Pictures are to be dropped. Everything else in the listing gets copied exactly.

▶ **Data extract**

[Start of section]

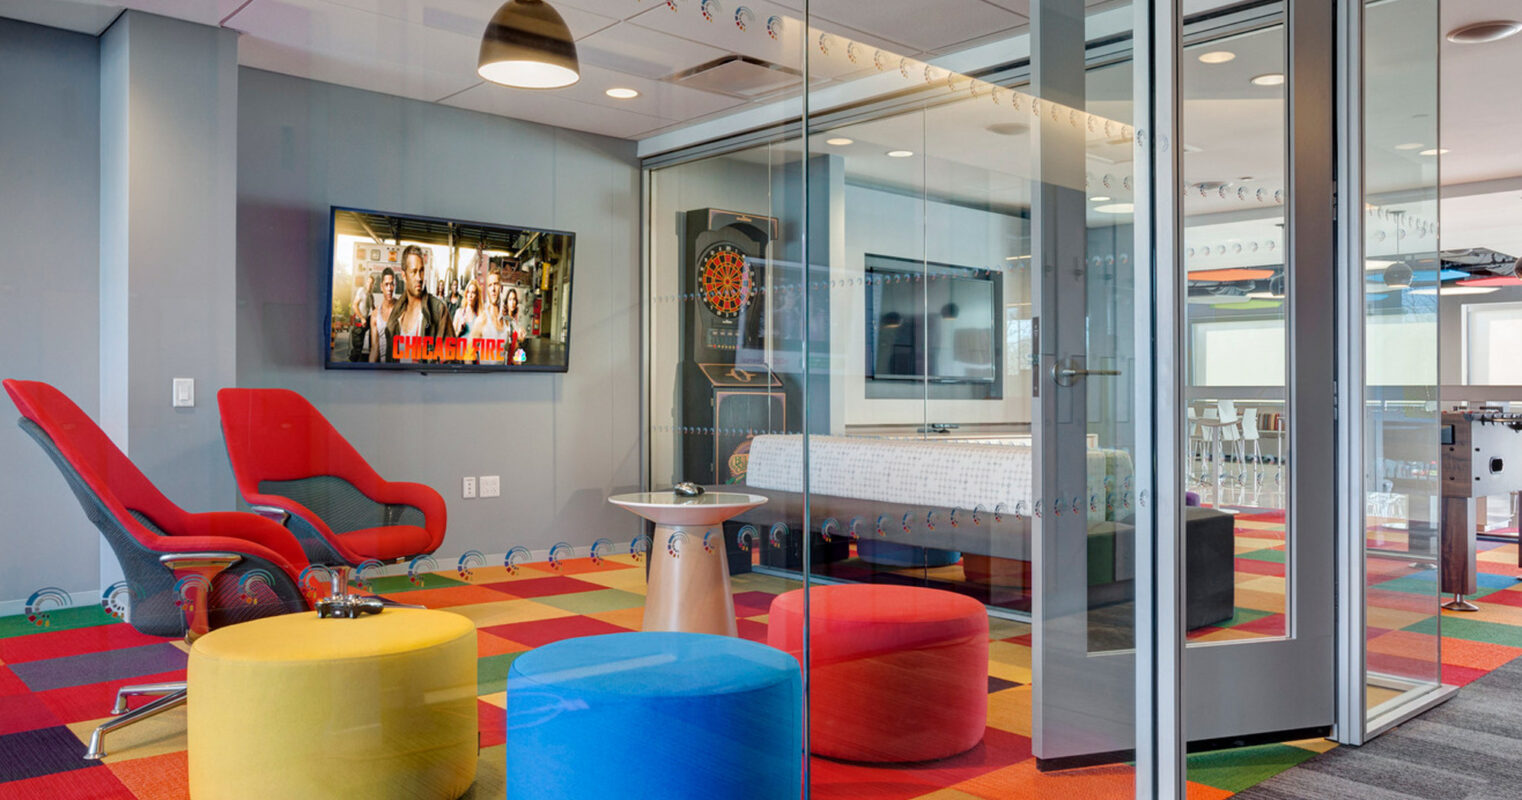 Modern office lounge with vibrant multicolored carpet, red ergonomic chair, and yellow and blue poufs. Glass walls provide transparency, with playful dartboard accentuating the creative atmosphere.
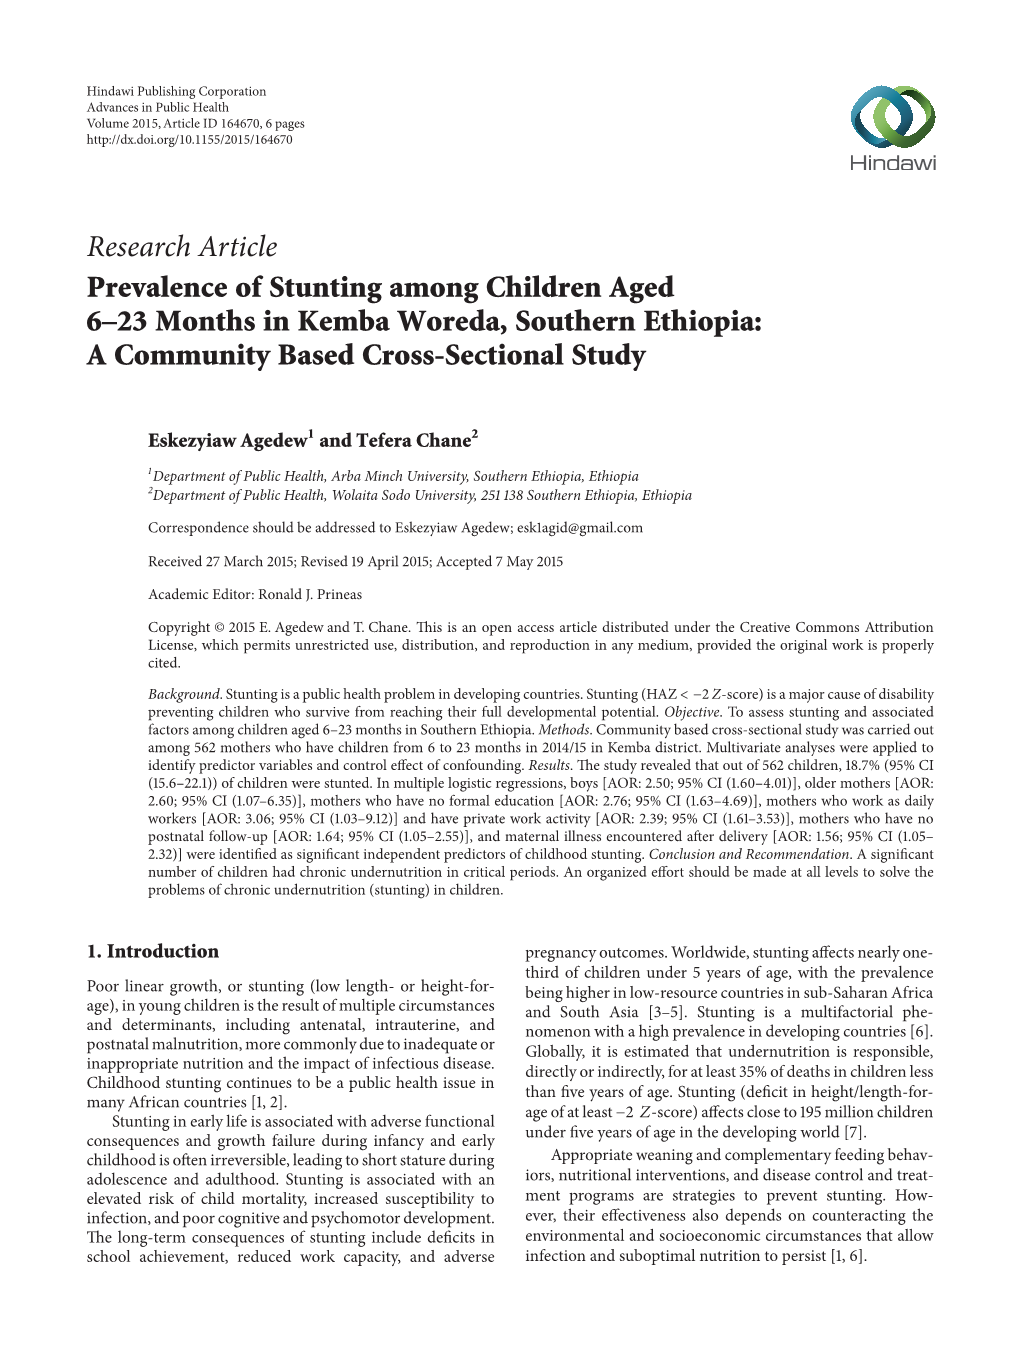 Prevalence of Stunting Among Children Aged 6–23 Months in Kemba Woreda, Southern Ethiopia: a Community Based Cross-Sectional Study
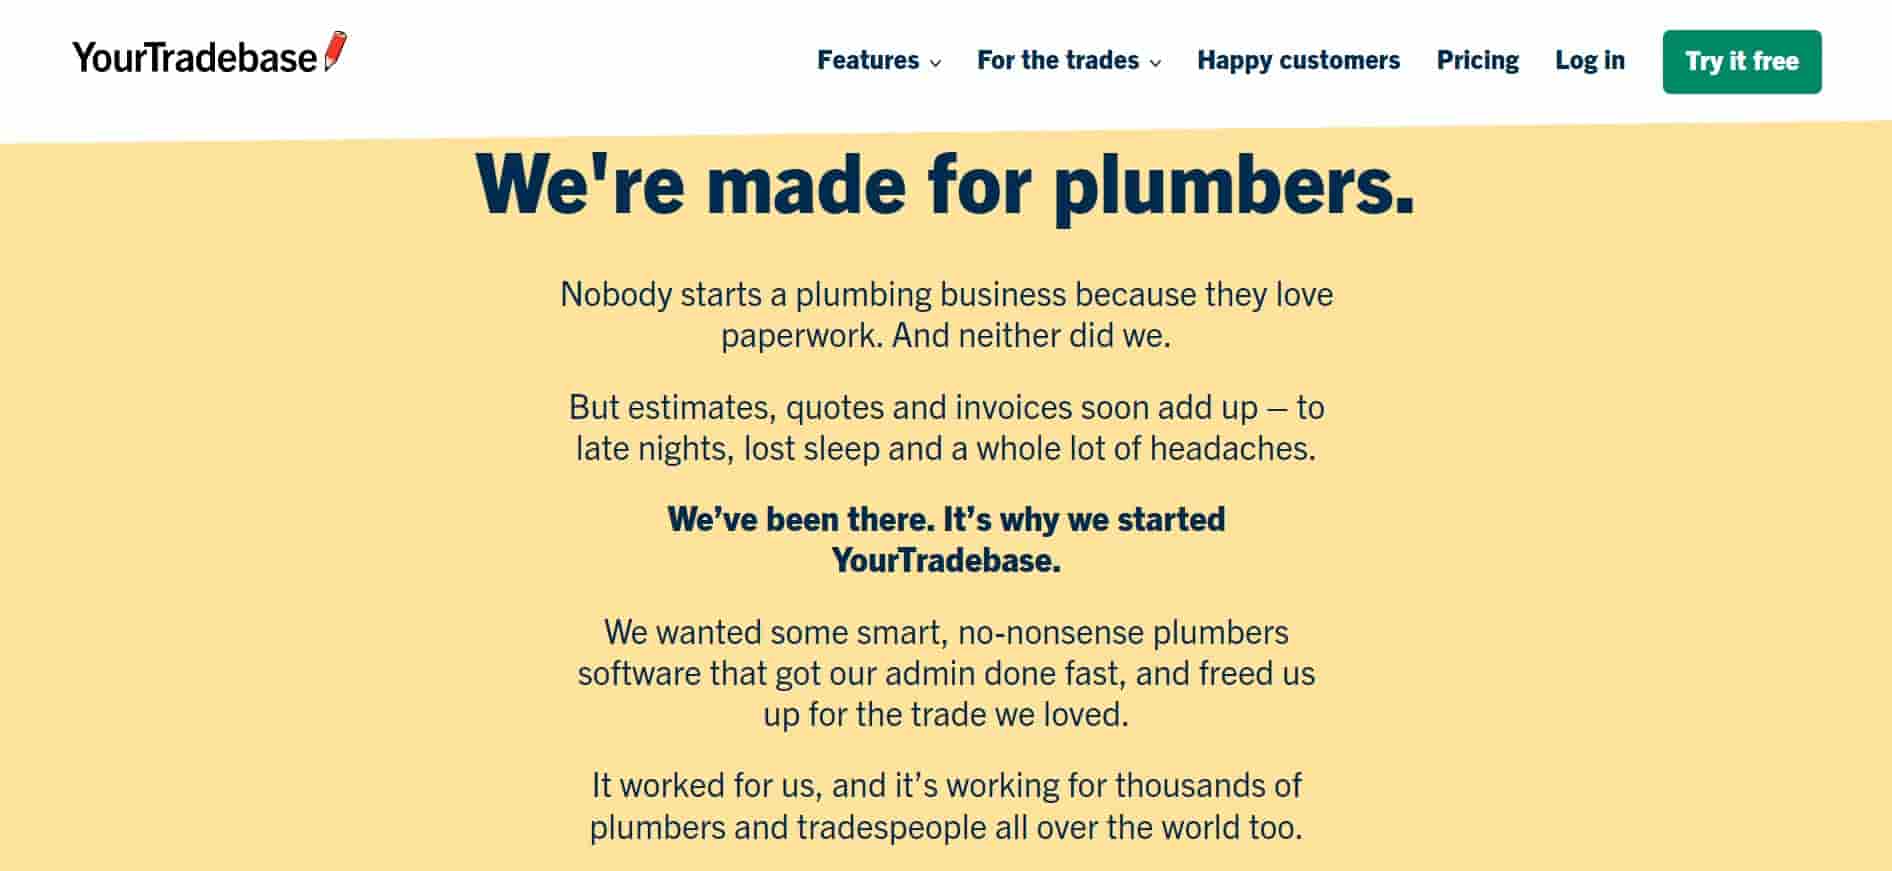 Image of YourTradebase's website mentioning 'we're made for plumbers'

[End of section]

▶ **Response area**
 Modern office lounge with vibrant multicolored carpet, red ergonomic chair, and yellow and blue poufs. Glass walls provide transparency, with playful dartboard accentuating the creative atmosphere.
 Prevalence of Stunting Among Children Aged 6–23 Months in Kemba Woreda, Southern Ethiopia: a Community Based Cross-Sectional Study
 Image of YourTradebase's website mentioning 'we're made for plumbers'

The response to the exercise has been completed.